---------- Data shown ----------

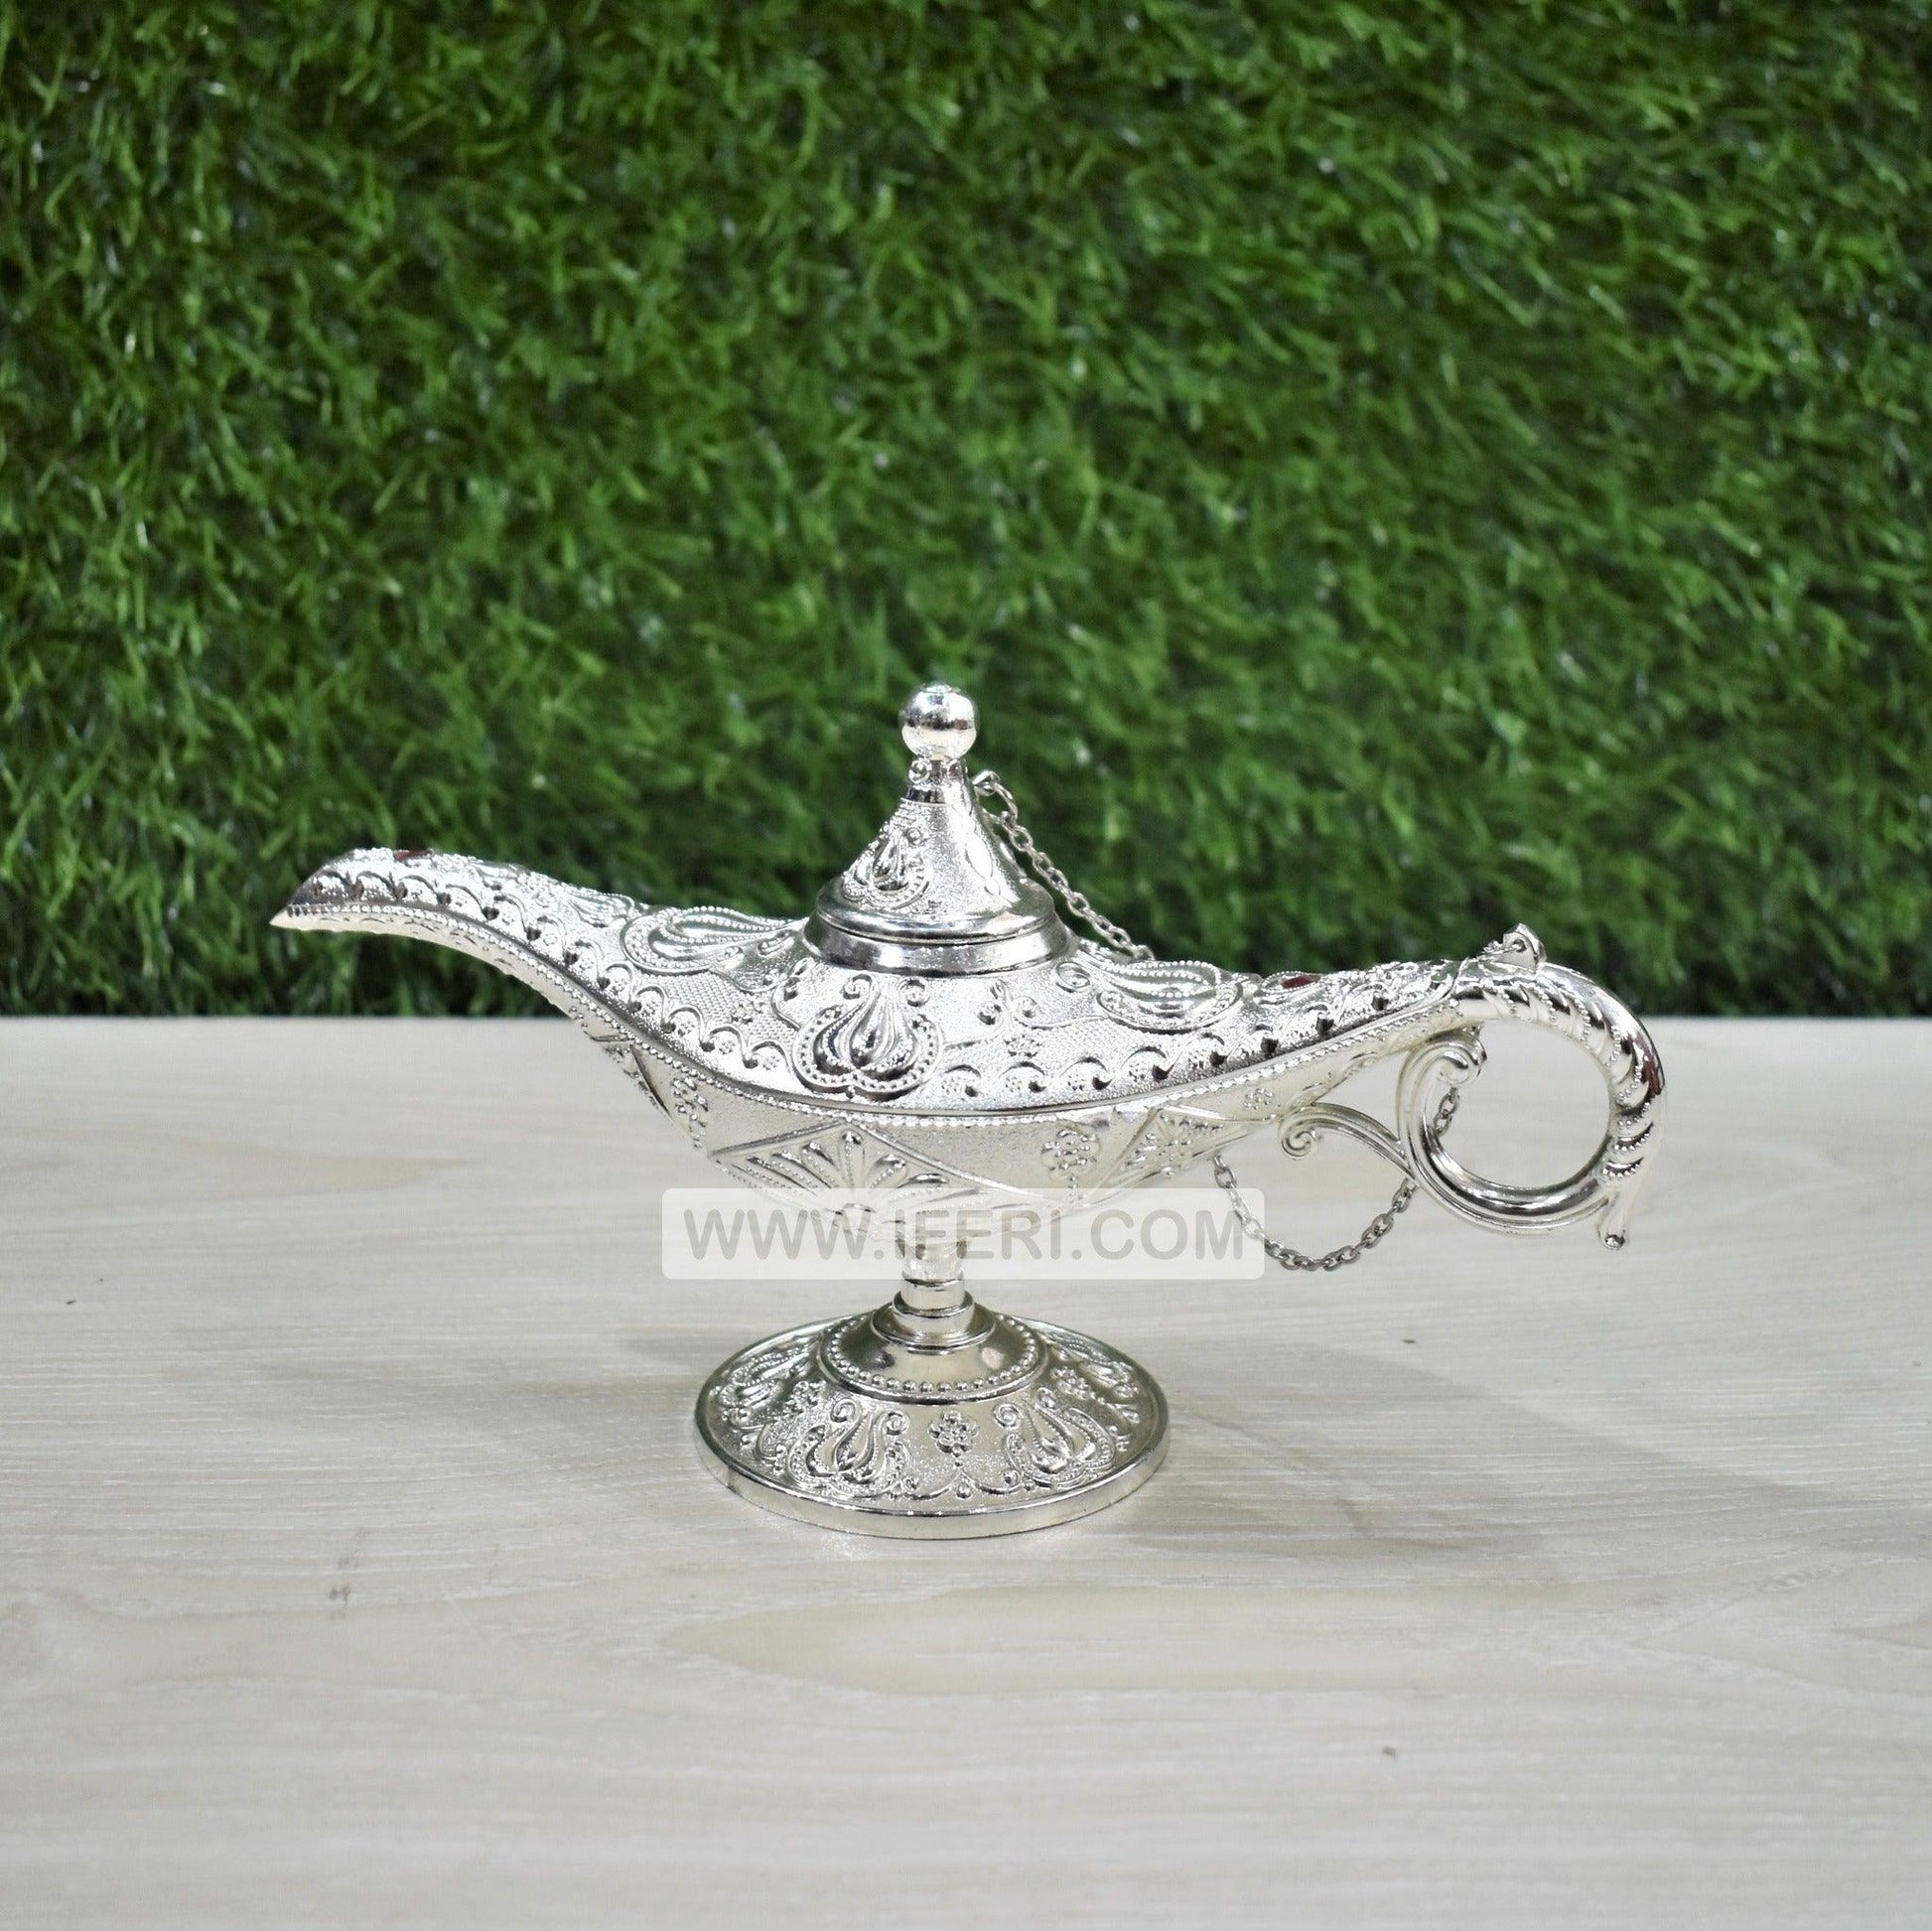 Metal Decorative Aladin Lamp RR6803 Price in Bangladesh - iferi.com
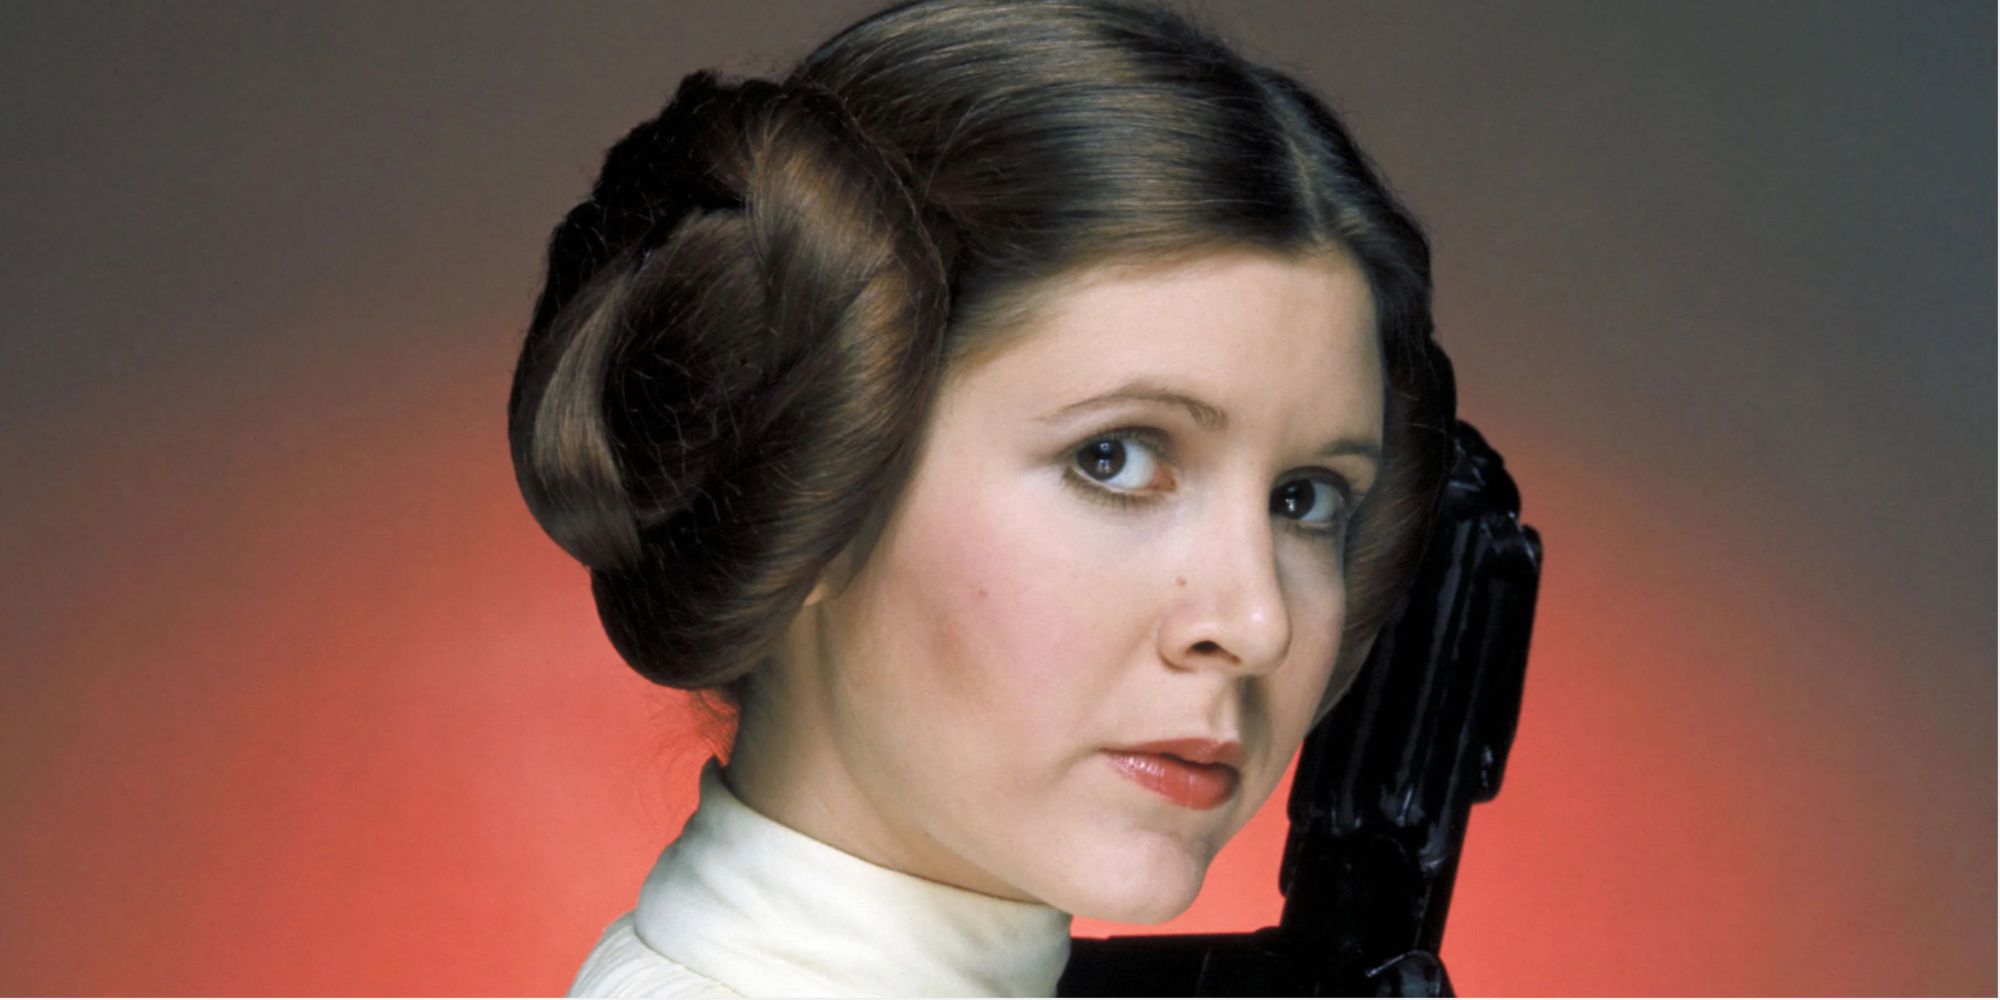 Princess Leia Organa in Star Wars
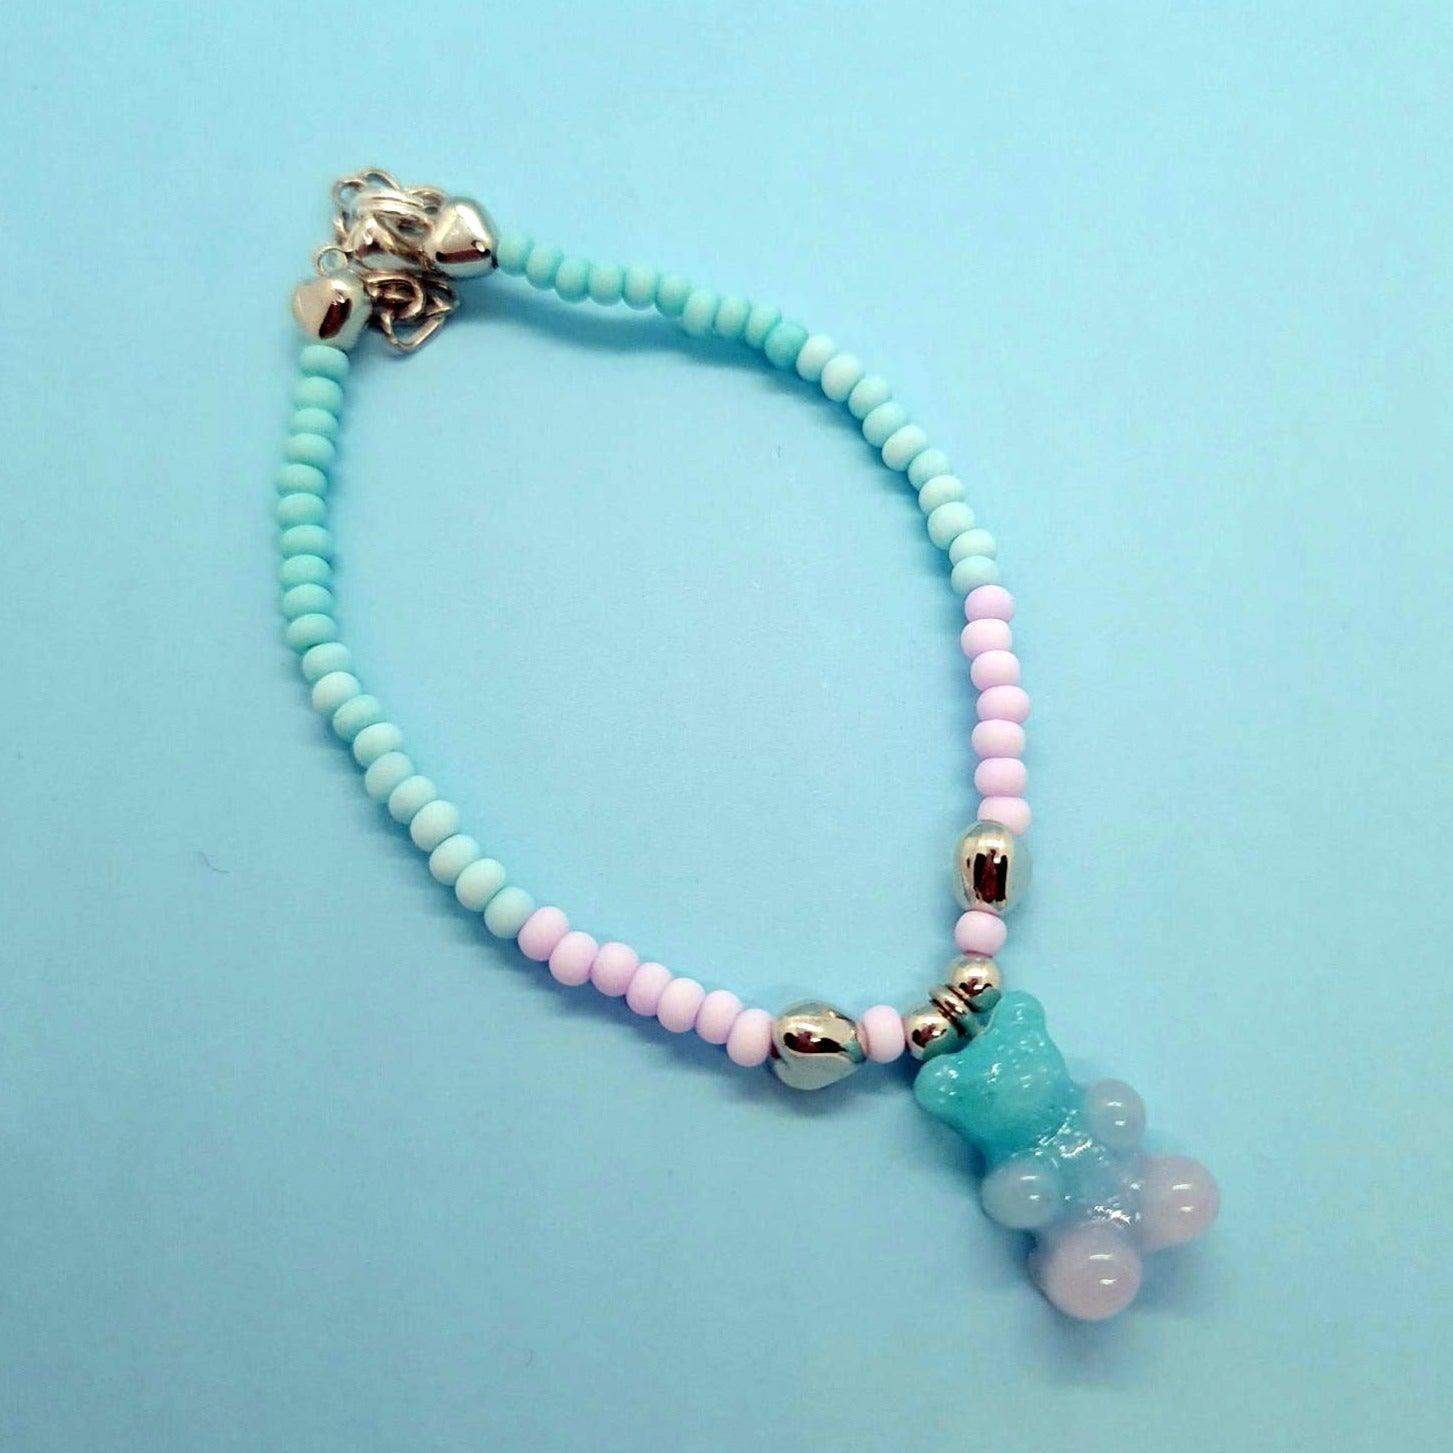 Gummy bear charm bracelet - Strawberry Moon Jewellery 
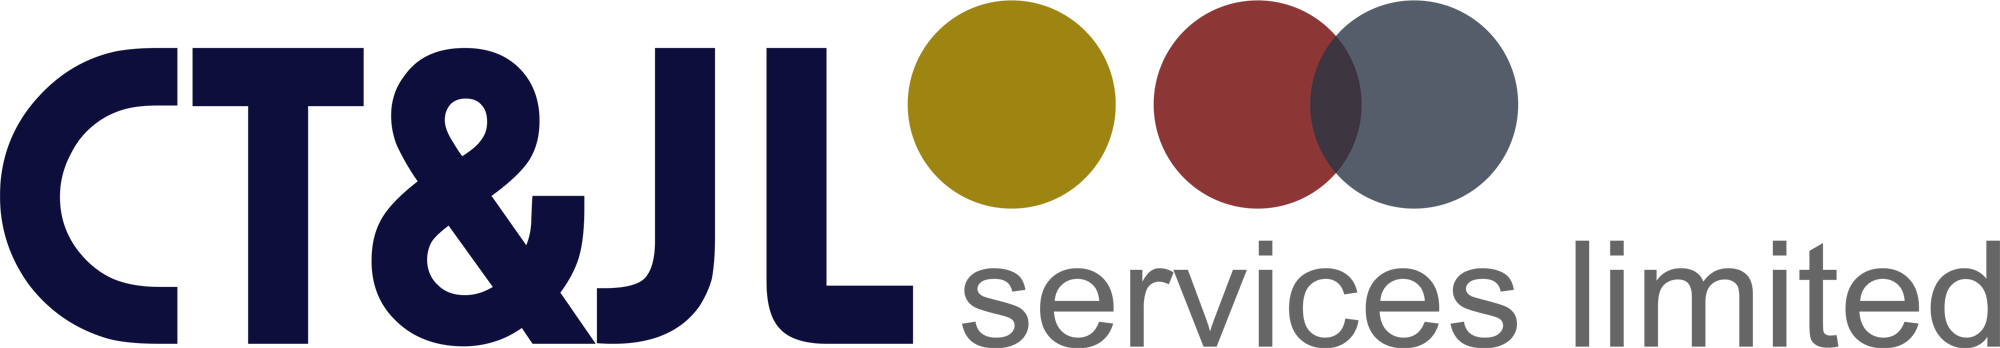 ct&jl services logo

----------

◆ Directions for this task ◆
Skip the pictures and copy exactly the lines from the one containing "Gummy bear charm" through the end of the material, both ends included.

◆ Task output ◆
 Gummy bear charm bracelet - Strawberry Moon Jewellery 
 ct&jl services logo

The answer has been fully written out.